In certain embodiments, administration of bispecific antibodies to antigens expressed on target cells and antigens expressed on T cells, such as CD33 and CD3, increases erythrocyte or red blood cell levels. To do. Red blood cell levels can be determined by hemoglobin concentration. In certain embodiments, administration of a bispecific antibody against an antigen expressed on a target cell and an antigen expressed on a T cell, such as CD33 and CD3, results in a hemoglobin concentration of about 10%, about 120%, about 30. %, About 40%, about 50%, about 60%, about 70%, about 80%, about 90%, or about 100%, or more. In certain embodiments, administration of a bispecific antibody against an antigen expressed on target cells and an antigen expressed on T cells, such as CD33 and CD3, results in a hemoglobin concentration of about 8 g / dL, about 8.5 g /. dL, about 9 g / dL, about 9.5 g / dL, about 10 g / dL, about 10.5 g / dL, about 11 g / dL, about 11.5 g / dL, about 12 g / dL, about 12.5 g / dL, About 13 g / dL, about 13.5 g / dL, about 14 g / dL, about 14.5 g / dL, about 15 g / dL, about 15.5 g / dL, about 16 g / dL, about 16.5 g / dL, about 17 It increases to g / dL, about 17.5 g / dL, about 18 g / dL, about 18.5 g / dL, about 19 g / dL, about 19.5 g / dL, or about 20 g / dL, or more. In certain embodiments, administration of bispecific antibodies to antigens expressed on target cells and antigens expressed on T cells, such as CD33 and CD3, results in normal levels of hemoglobinometry (approximately 12 to approximately 18 g / dL). ).

In another aspect, administration of bispecific antibodies to antigens expressed on target cells and antigens expressed on T cells, such as CD33 and CD3, reduces myeloblast levels in subjects with AML. In certain embodiments, bispecific antibodies against antigens expressed on target cells and antigens expressed on T cells, such as CD33 and CD3, increase myeloblast levels by about 10%, about 20%, about 30. %, About 40%, about 50%, about 60%, about 70%, about 80%, about 90%, or about 100% reduction.

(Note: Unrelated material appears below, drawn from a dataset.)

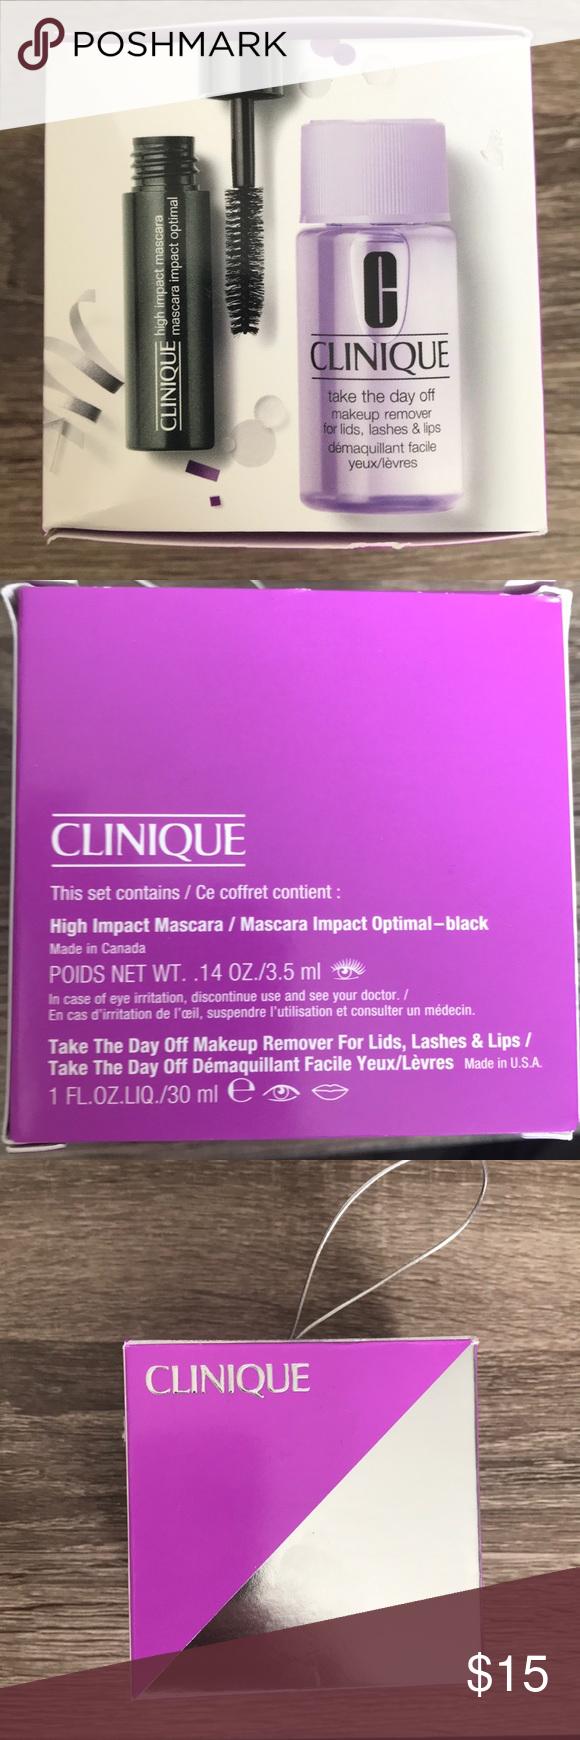 NWT Clinique Gift Set Clinique gift set, Clinique

In certain embodiments, bispecific antibodies against antigens expressed on target cells and antigens expressed on T cells, such as CD33 and CD3, control the level of myeloblasts, where myeloblasts control their levels. The level does not increase.

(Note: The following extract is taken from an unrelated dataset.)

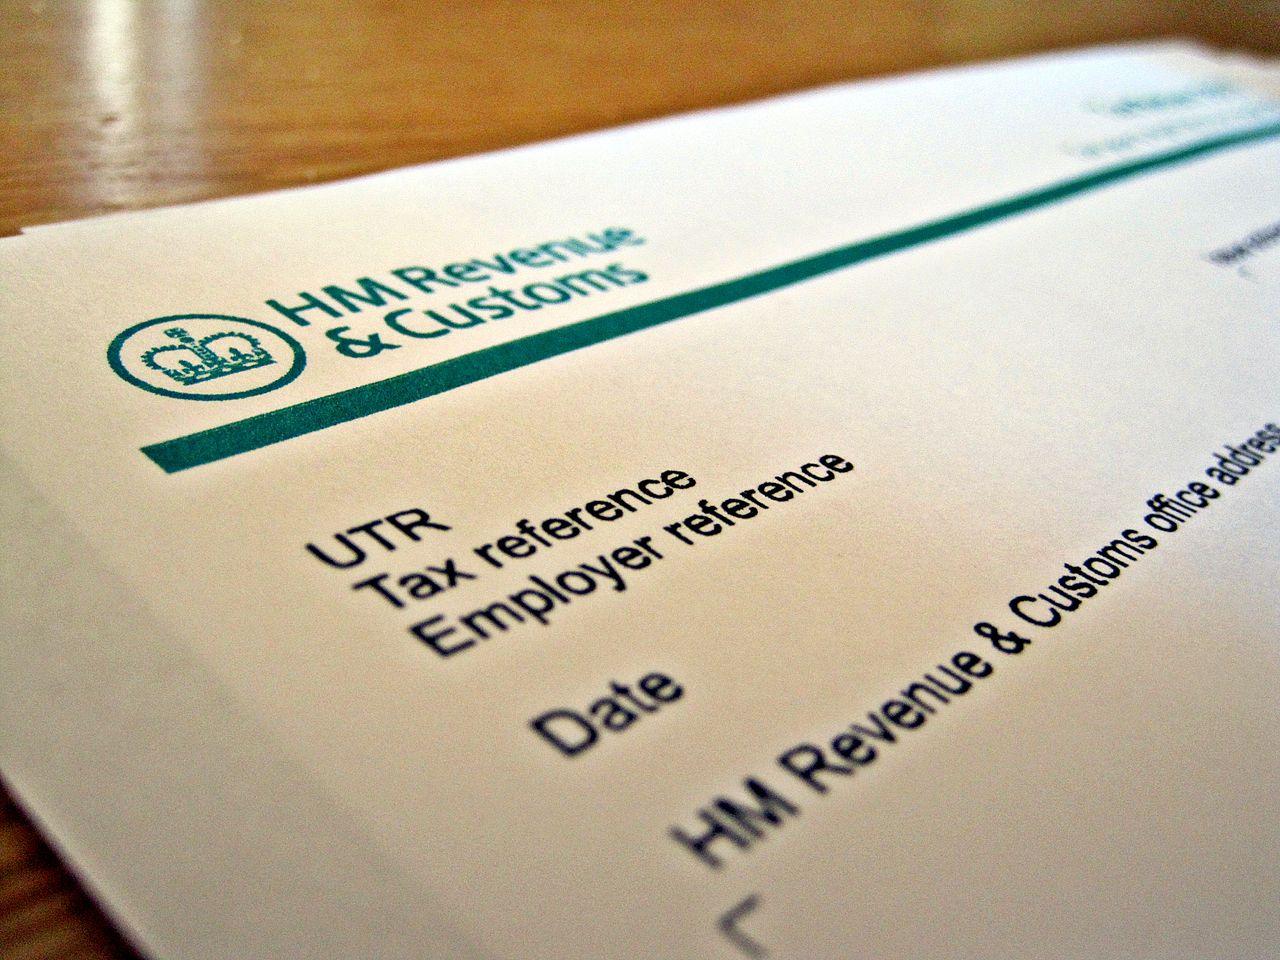 Image of Tax Return

In another aspect, administration of bispecific antibodies against antigens expressed on target cells and antigens expressed on T cells, such as CD33 and CD3, reduces levels of myeloid-derived suppressor cells (MDSCs). In certain embodiments, bispecific antibodies against antigens expressed on target cells and antigens expressed on T cells, such as CD33 and CD3, have MDSC levels of about 10%, about 20%, about 30%, Reduce by about 40%, about 50%, about 60%, about 70%, about 80%, about 90%, or about 100%.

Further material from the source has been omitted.